# THE TASK
Return all the data exactly, keeping the pictures out.

# EXERCISE INPUTS
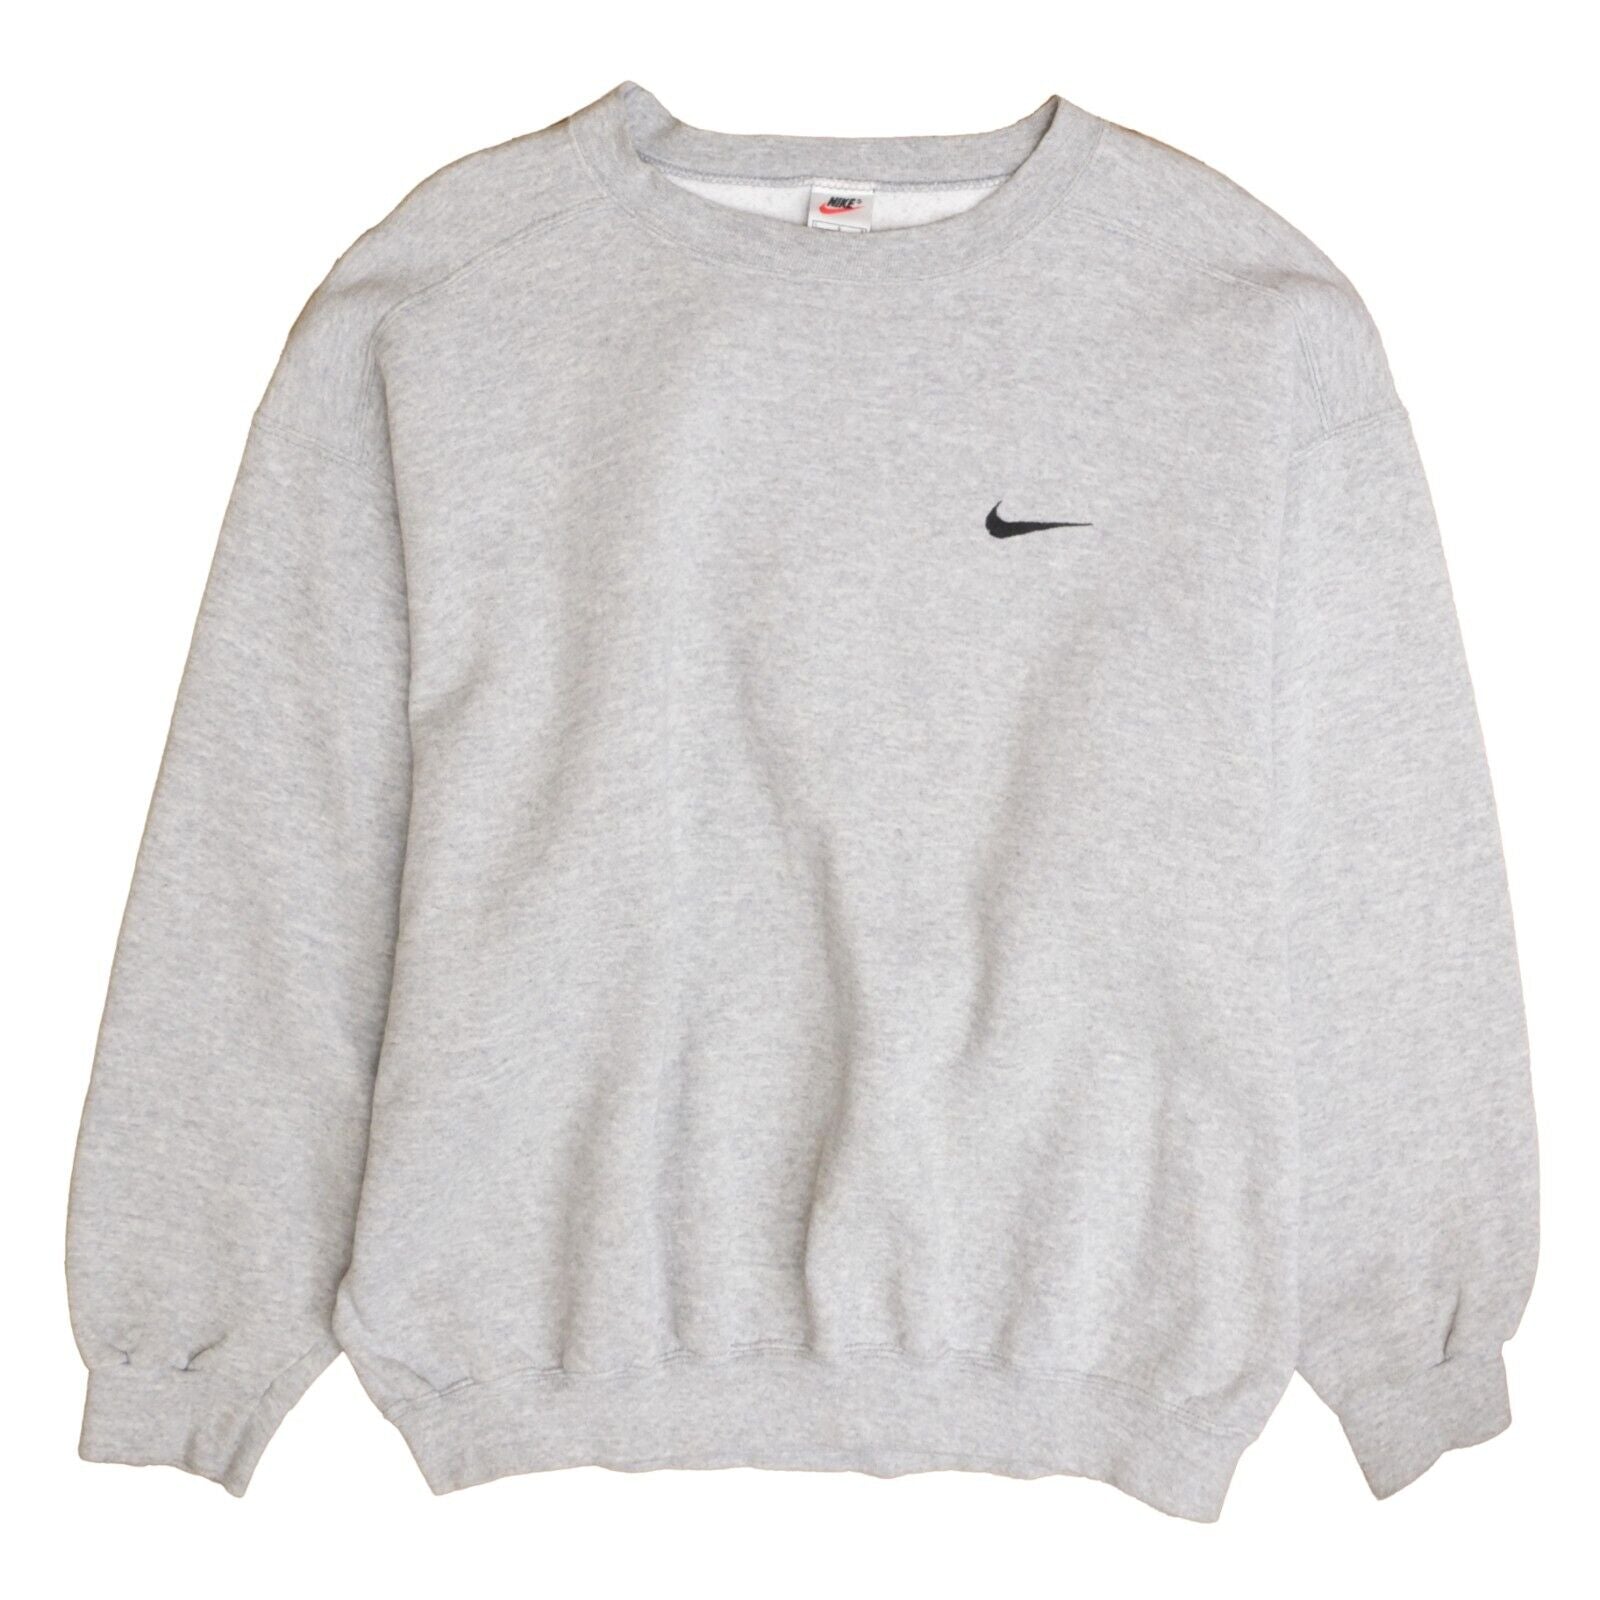 Vintage Nike Sweatshirt Crewneck Size Large Gray Embroidered Swoosh 90s
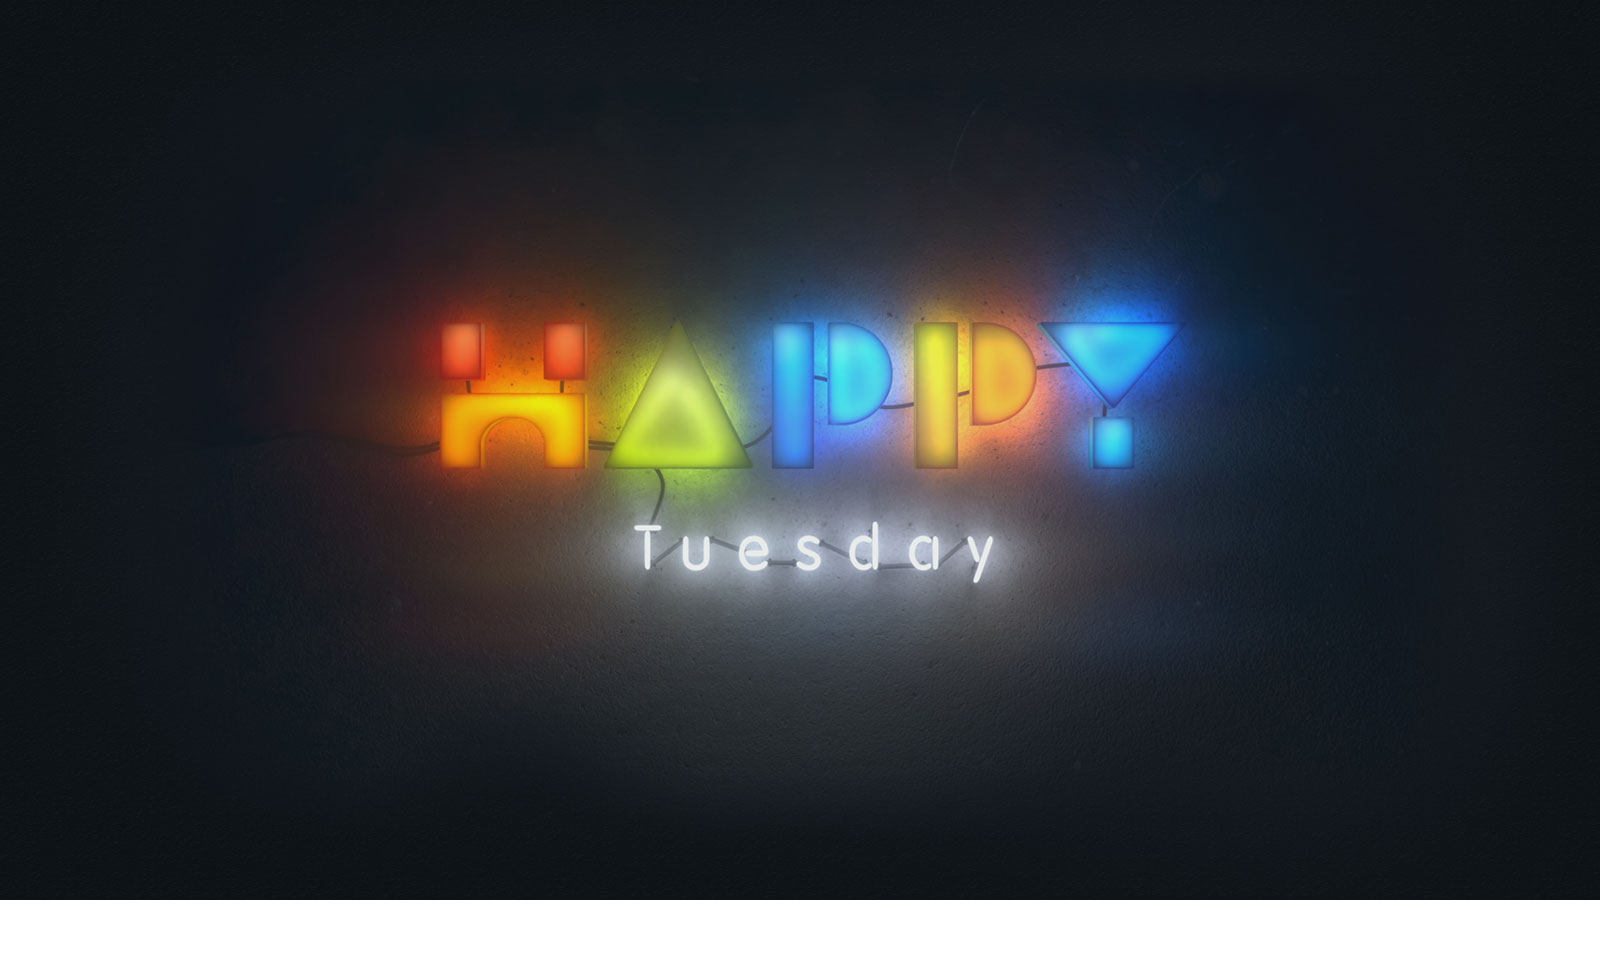 (c) Happy-tuesday.com
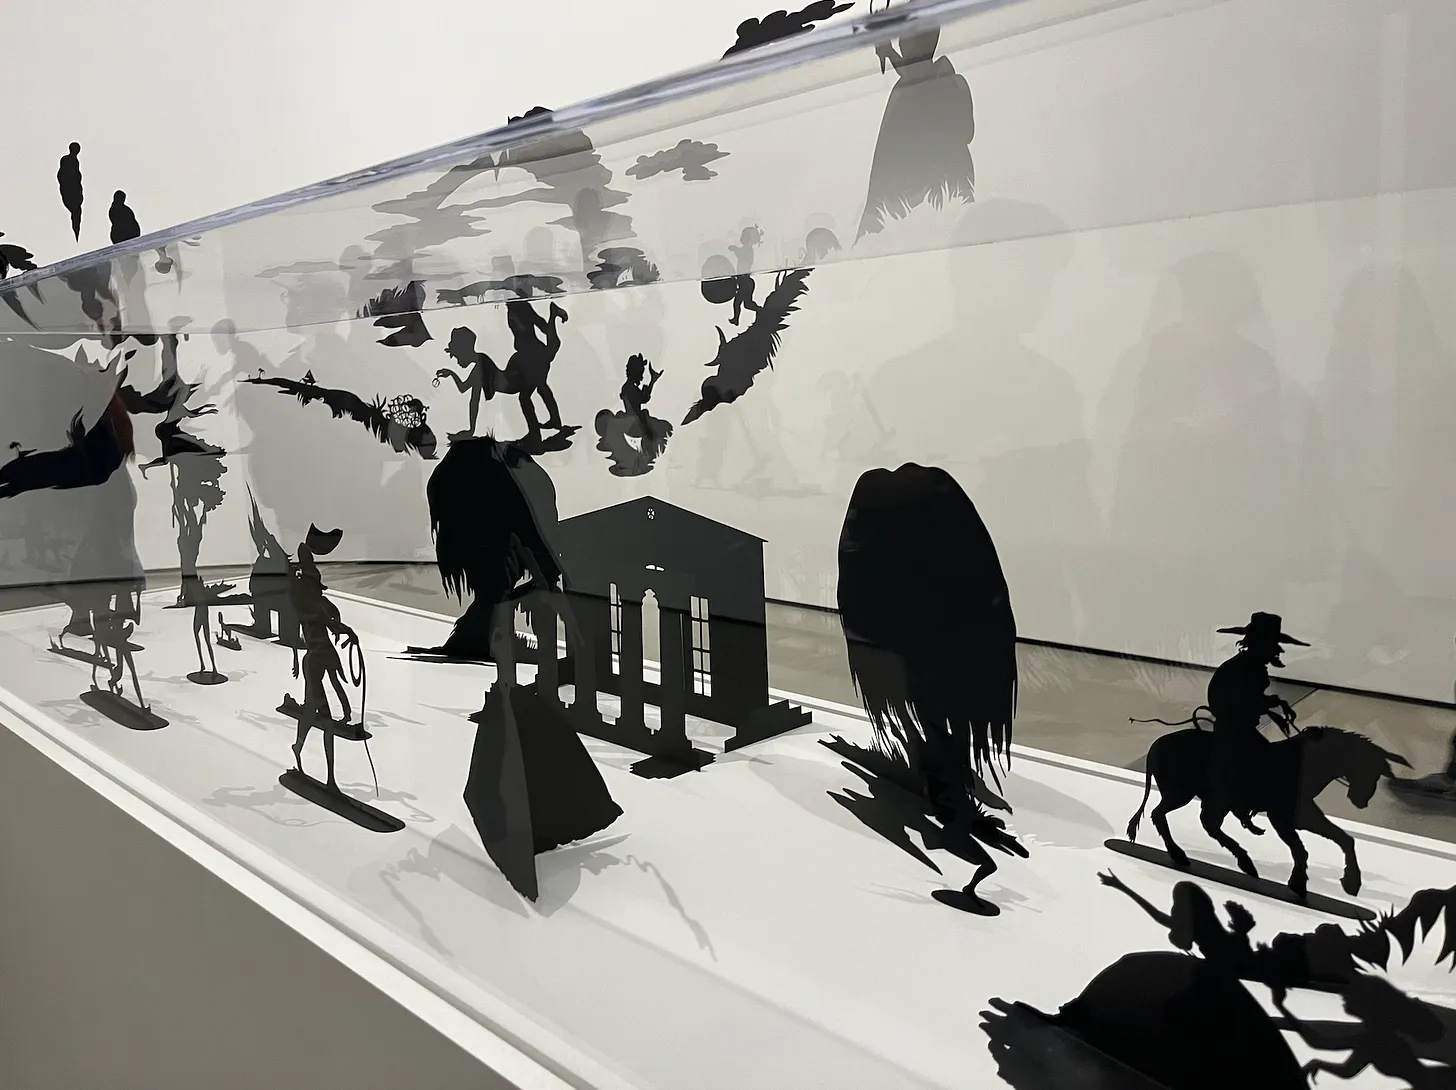 paper cut paper silhouettes by the artist kara walker (NSFW)
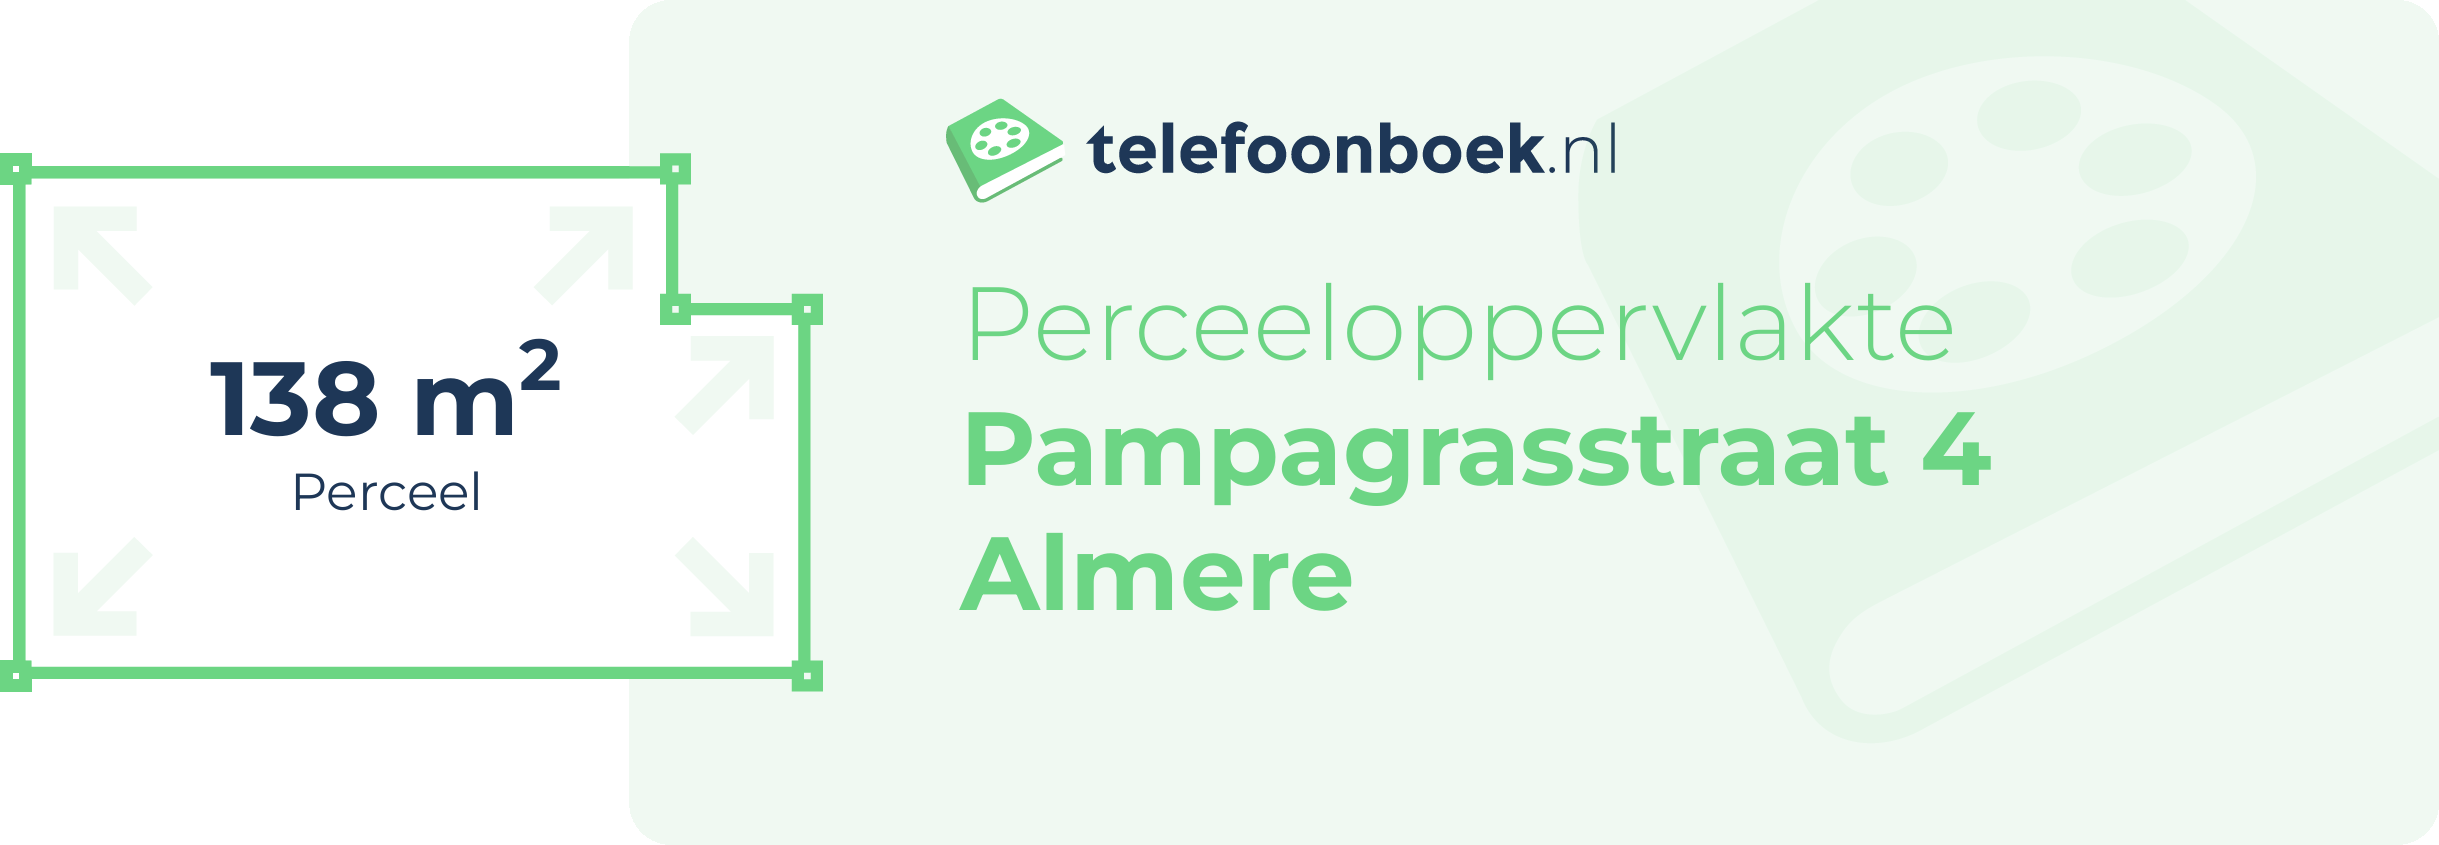 Perceeloppervlakte Pampagrasstraat 4 Almere
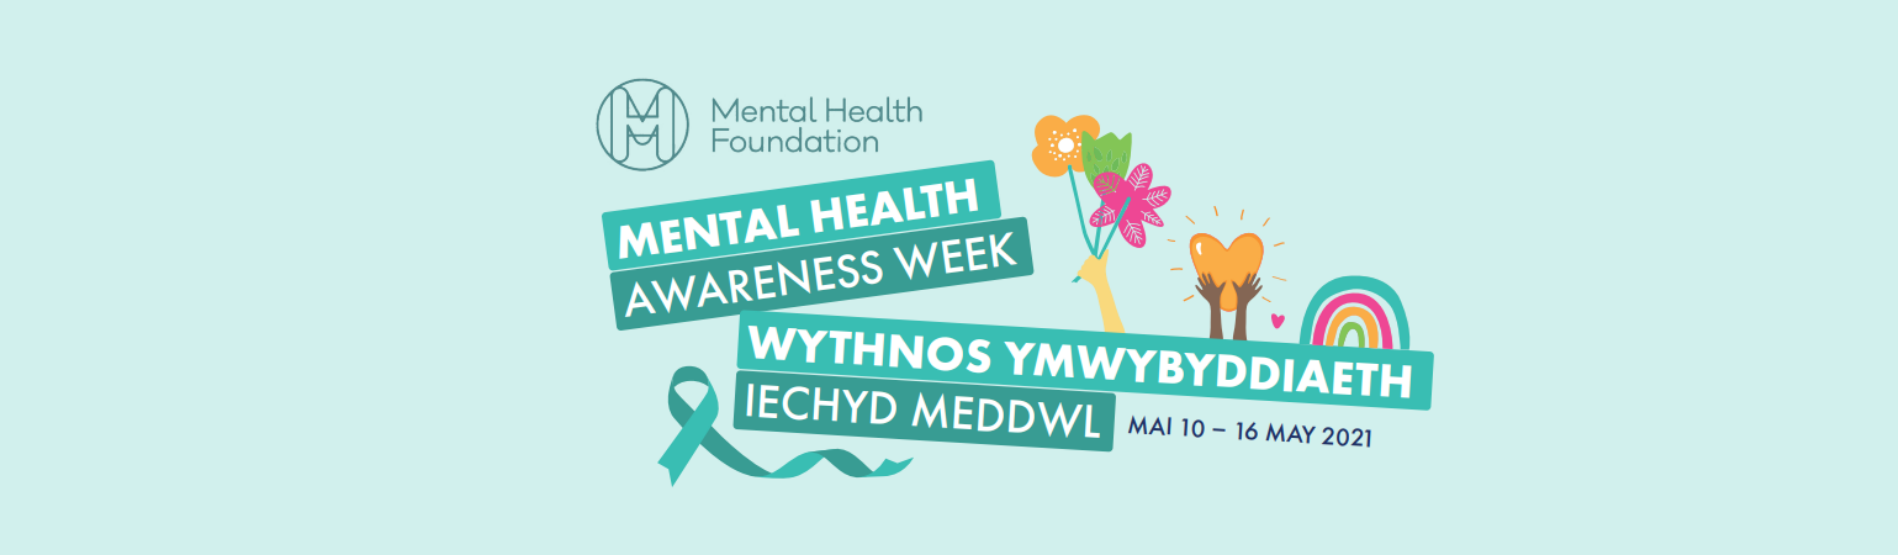 mental health awareness week banner in pain blue

# FINAL ANSWER
 Vintage Nike Sweatshirt Crewneck Size Large Gray Embroidered Swoosh 90s
 (c) Happy-tuesday.com
 paper cut paper silhouettes by the artist kara walker (NSFW)
 Perceeloppervlakte Pampagrasstraat 4 Almere
 mental health awareness week banner in pain blue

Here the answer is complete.